From: Paolo 'Blaisorblade' Giarrusso <blaisorblade@yahoo.it>
From: Paolo 'Blaisorblade' Giarrusso <blaisorblade@yahoo.it>, Ingo Molnar <mingo@elte.hu>
To: Andrew Morton <akpm@linux-foundation.org>
Cc: mingo@redhat.com, linux-mm@kvack.org,
Jeff Dike <jdike@addtoit.com>,
Paolo 'Blaisorblade' Giarrusso <blaisorblade@yahoo.it>
Subject: [PATCH 05/11] RFP prot support: introduce FAULT_SIGSEGV for protection checking
Date: Sat, 31 Mar 2007 02:35:36 +0200 [thread overview]
Message-ID: <20070331003536.3415.65070.stgit@americanbeauty.home.lan> (raw)
In-Reply-To: <20070331003453.3415.70825.stgit@americanbeauty.home.lan>
This is the more intrusive patch, but it couldn't be reduced a lot, not even if
I limited the protection support to the bare minimum for Uml (and thus I left
the interface generic).
The arch handler used to check itself protection flags.
But when the found VMA is non-uniform, vma->vm_flags protection flags do not matter
(except for pages not yet faulted in), so this case is handled by do_file_page()
by checking page tables.
So, we change the prototype of __handle_mm_fault() to inform it of the access
kind (read/write/exec).
handle_mm_fault() keeps its API, but has the new VM_FAULT_SIGSEGV return value.
=== Issue (trivial changes to do in every arch):
This value should be handled in every arch-specific fault handlers.
But we can get spurious BUG/oom killings _only_ when the new functionality is
used.
=== Implementation and tradeoff notes:
FIXME:
* I've made sure do_no_page to fault in pages with their *exact* permissions
for non-uniform VMAs. The change was here, in do_no_page():
- if (write_access)
+ if (write_access || (vma->vm_flags & VM_MANYPROTS))

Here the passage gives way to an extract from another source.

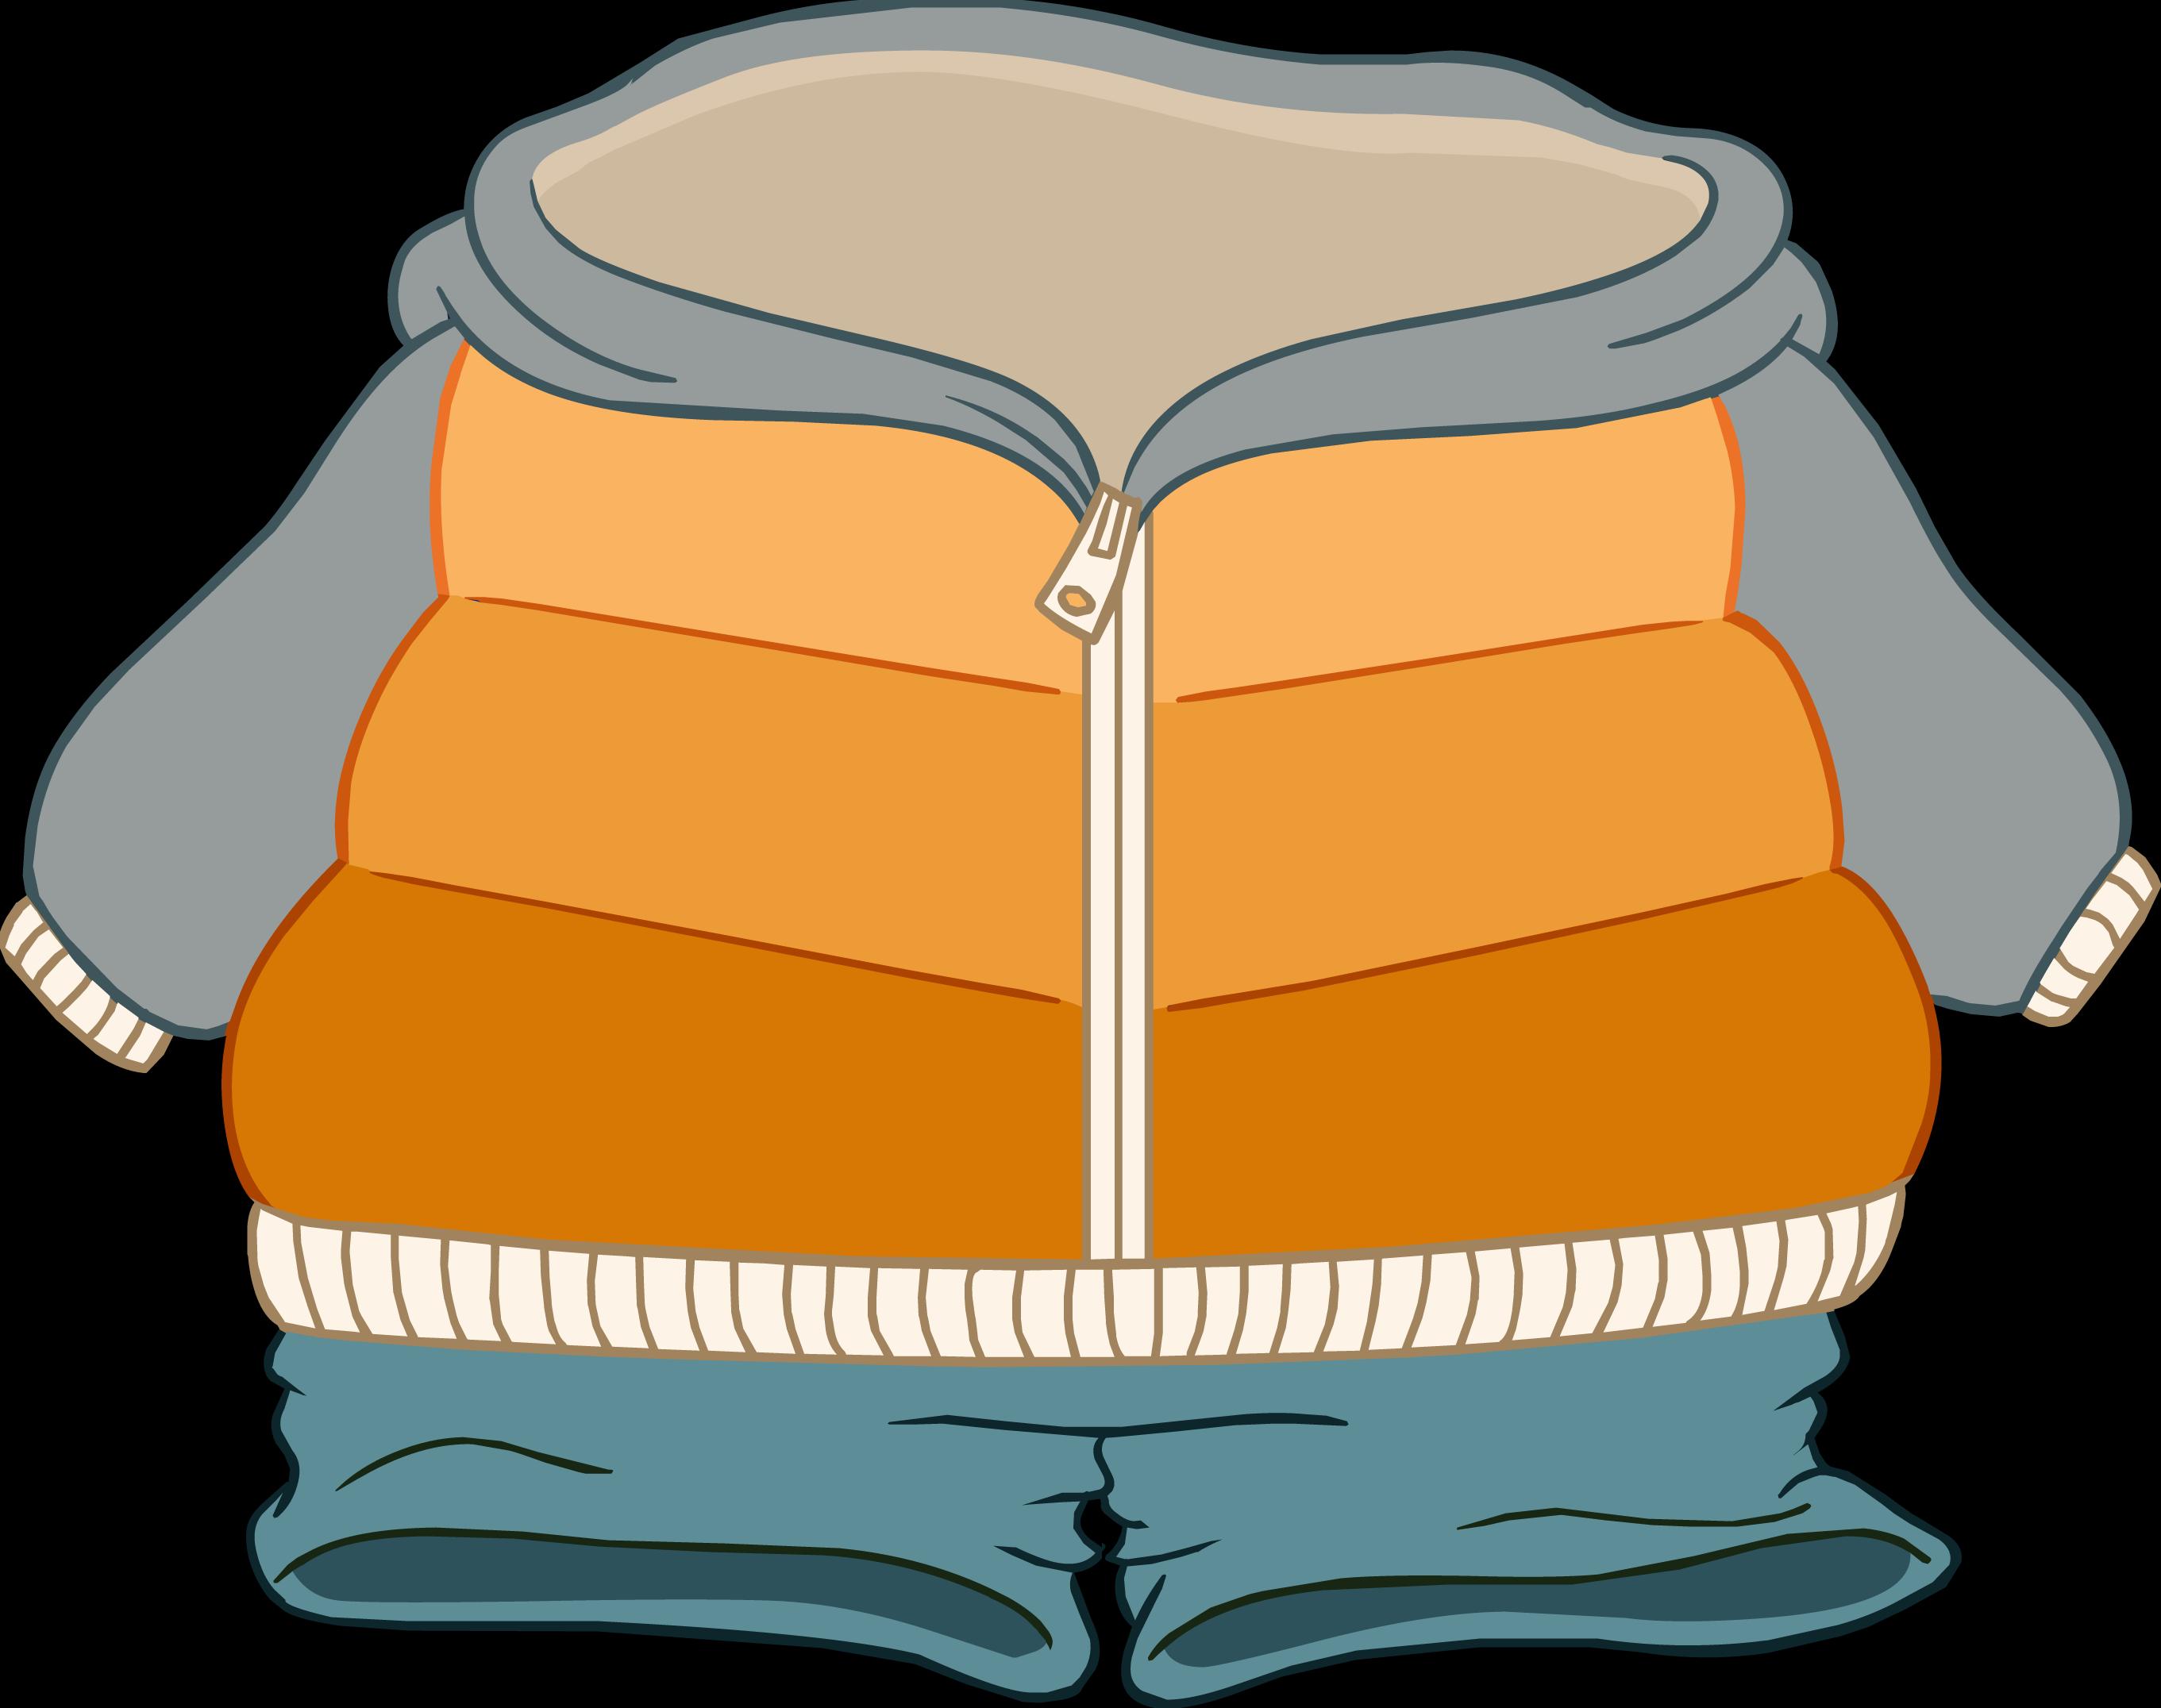 Igloo clipart tundra. Orange fade hoodie club

entry = maybe_mkwrite(pte_mkdirty(entry), vma);
Actually, the code already works so for shared vmas, since vma->vm_page_prot
is (supposed to be) already writable when the VMA is. Hope this holds across
all arches.
NOTE: I've just discovered this does not hold when vma_wants_writenotify(),
i.e. on file mappings (at least on my system, since backing_device_info is
involved I'm not sure it holds everywhere).
However: this does not matter for my uses because the default protection is
MAP_NONE for UML, and because we only need this for tmpfs.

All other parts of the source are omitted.